__WHAT IS NEEDED__:
The reply must consist of the complete listing, reproduced exactly, with no images included.

__EXERCISE DATA__:
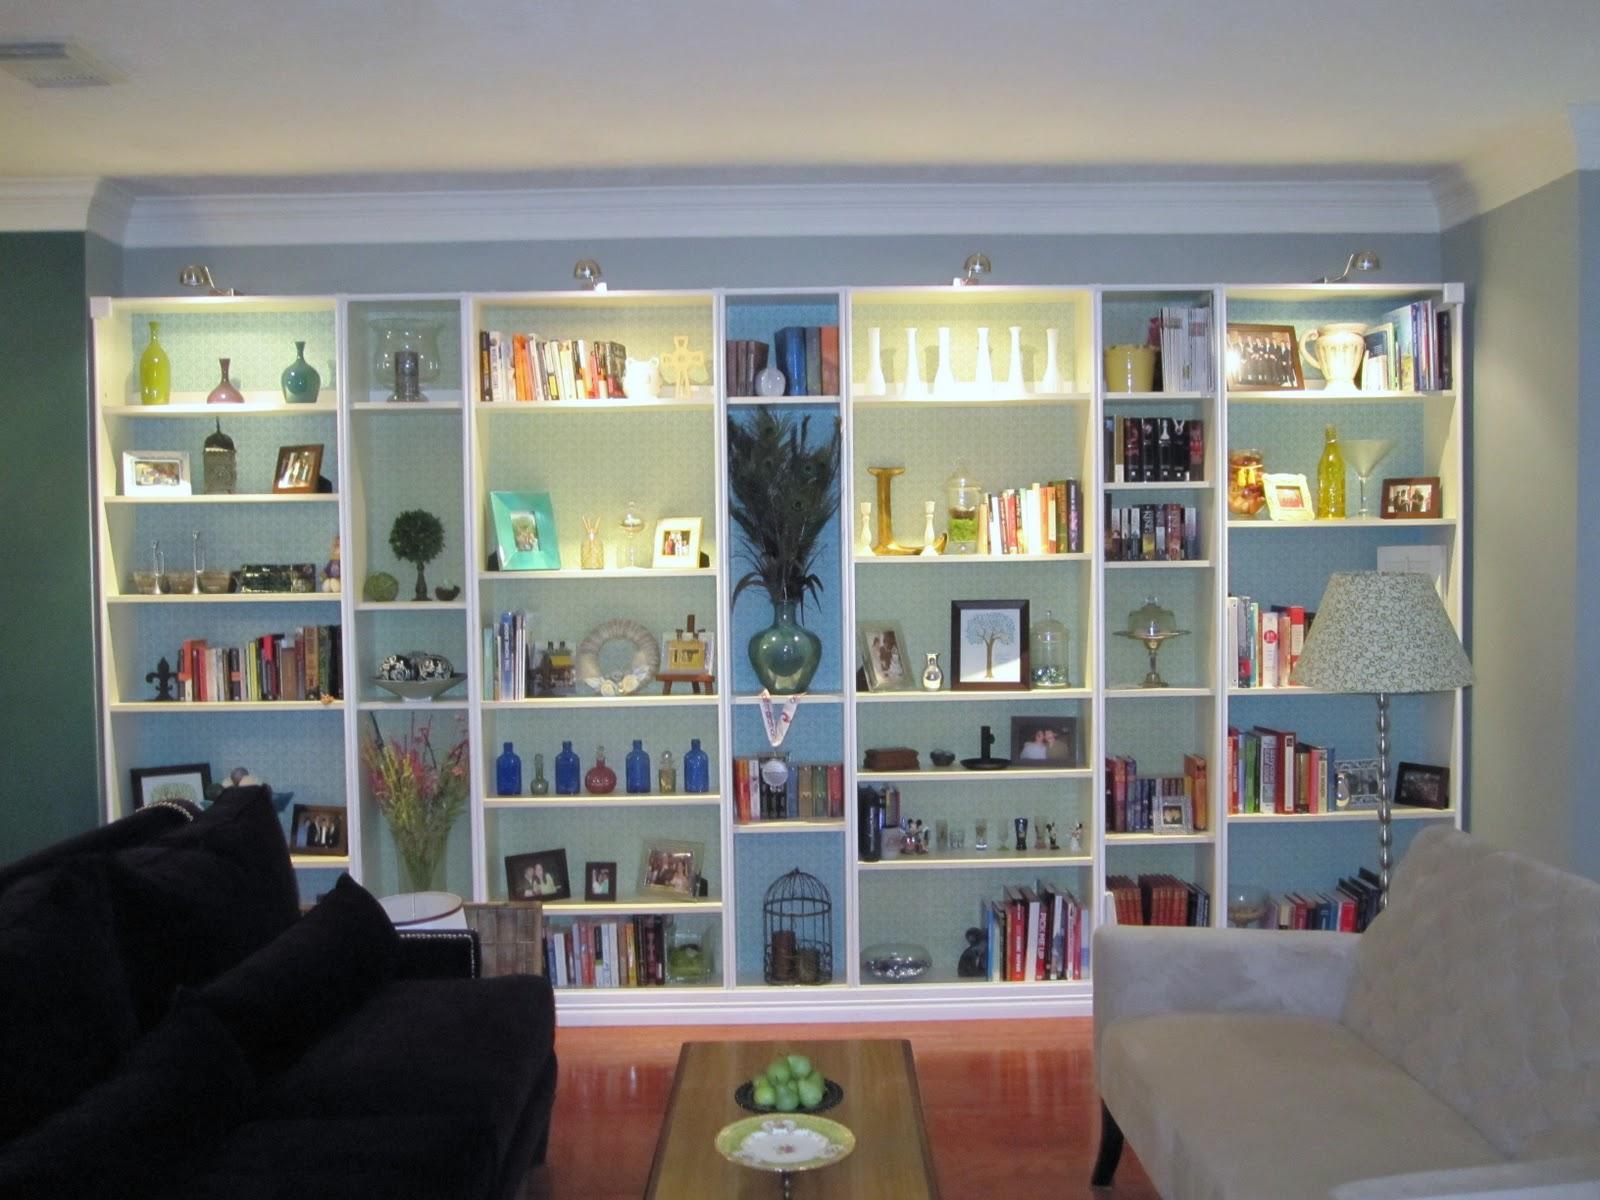 Ikea Hack Bookcase: Lazy Owl Boutique: Ikea Hack: Built-in Bookshelves Tutorial
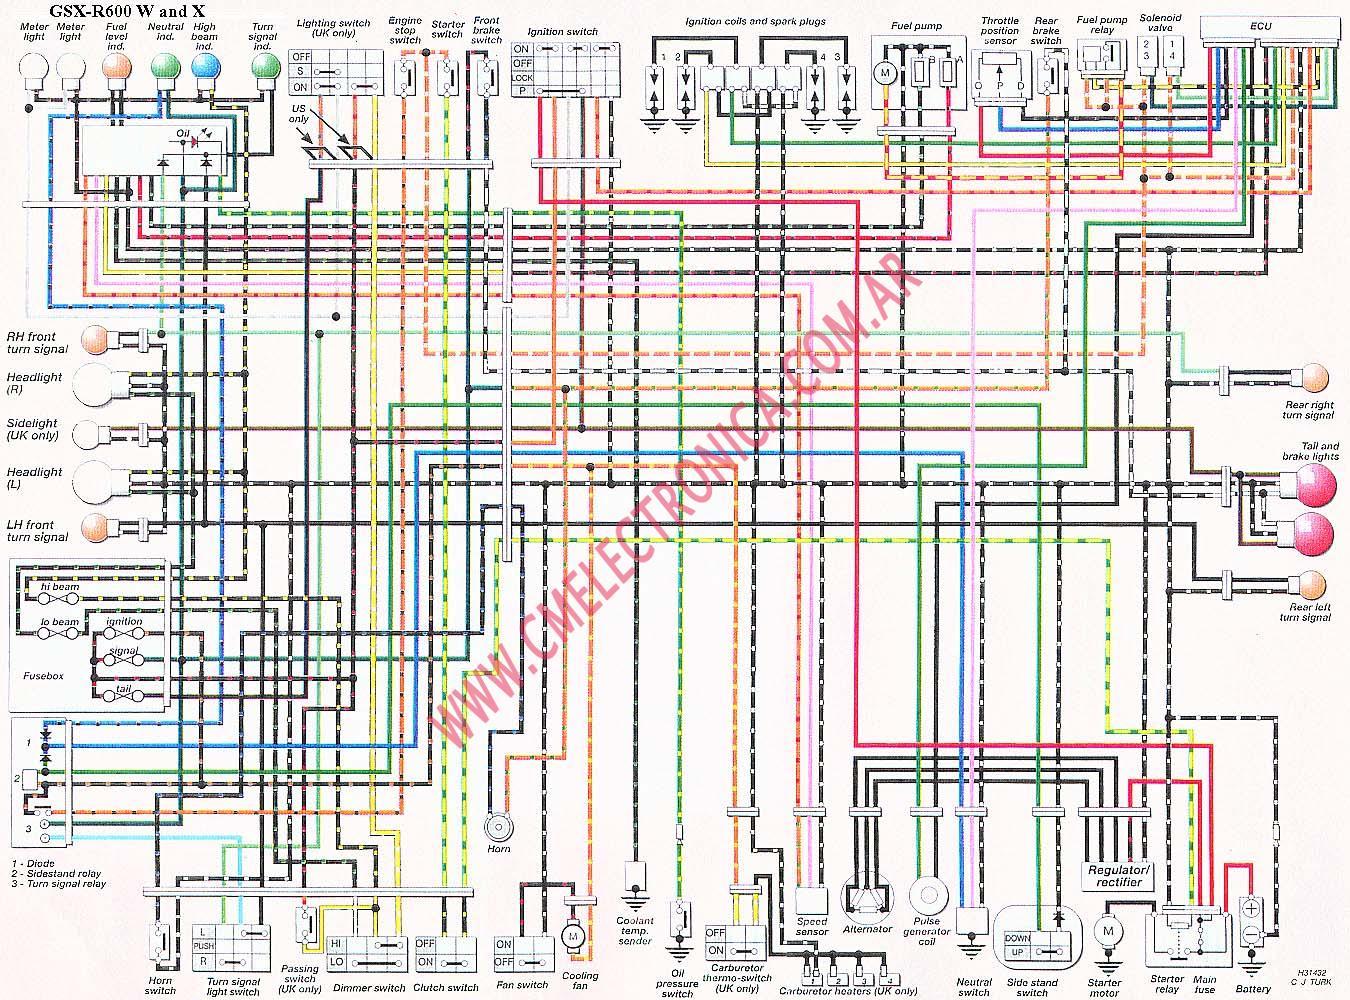 Großzügig Suzuki Atv Schaltpläne Fotos - Schaltplan Serie Circuit ...
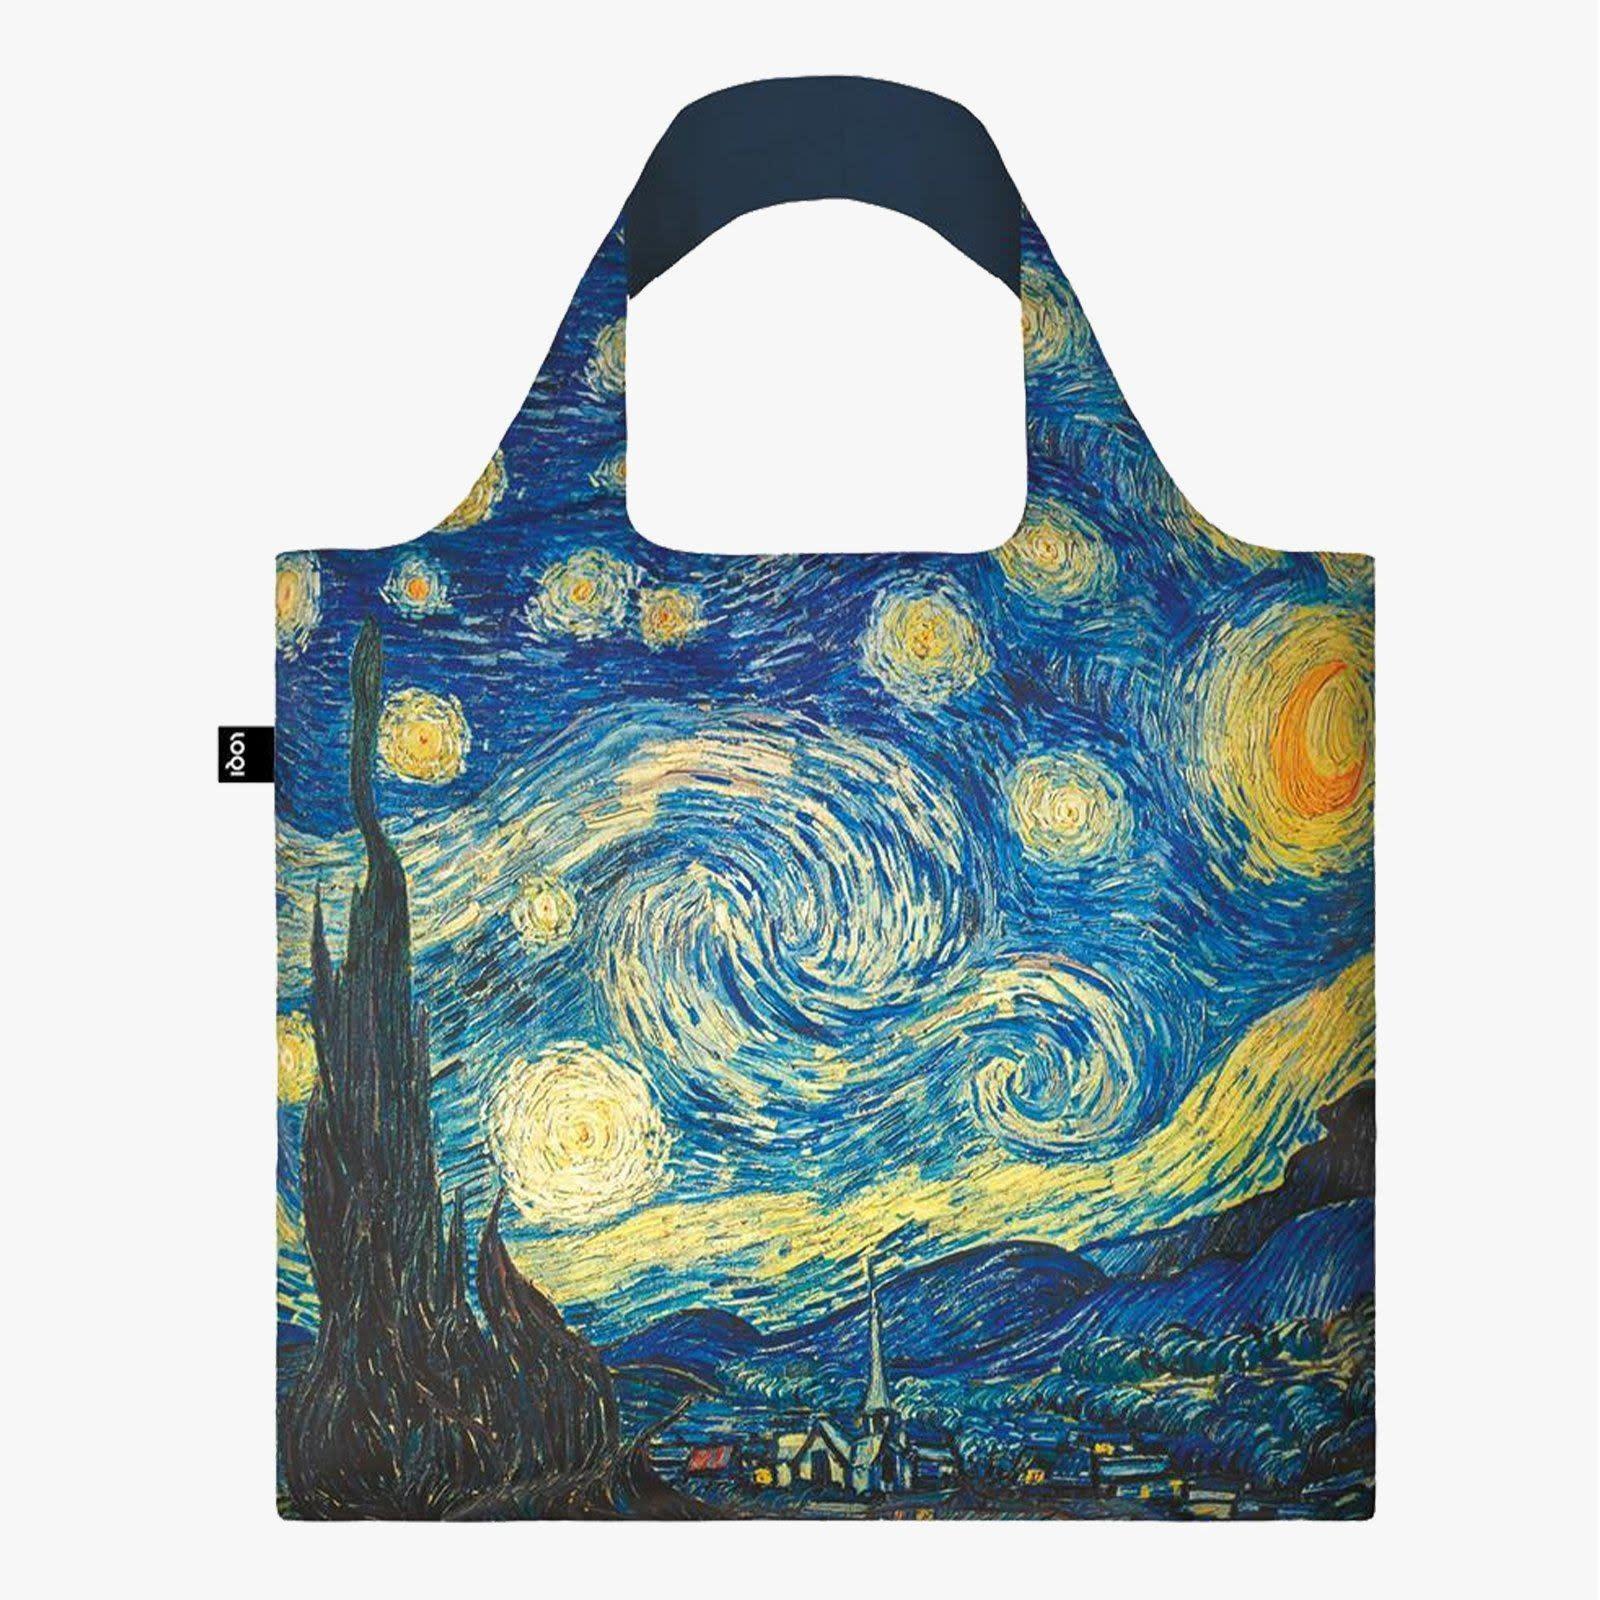 Loqi Tote Bag - Museum - Van Gogh - The Starry Night 1889
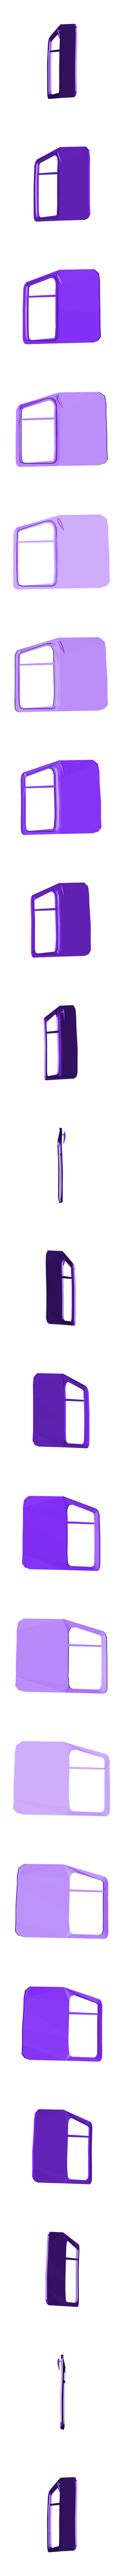 DT - дверь.stl Download free STL file RC Soviet tractor DT-75 Kazakhstan (1\10 scale) • 3D printer design, gamebox13

__ANSWER FOR THE TASK__:
 Ikea Hack Bookcase: Lazy Owl Boutique: Ikea Hack: Built-in Bookshelves Tutorial
 Großzügig Suzuki Atv Schaltpläne Fotos - Schaltplan Serie Circuit ...
 Loqi Tote Bag - Museum - Van Gogh - The Starry Night 1889
 DT - дверь.stl Download free STL file RC Soviet tractor DT-75 Kazakhstan (1\10 scale) • 3D printer design, gamebox13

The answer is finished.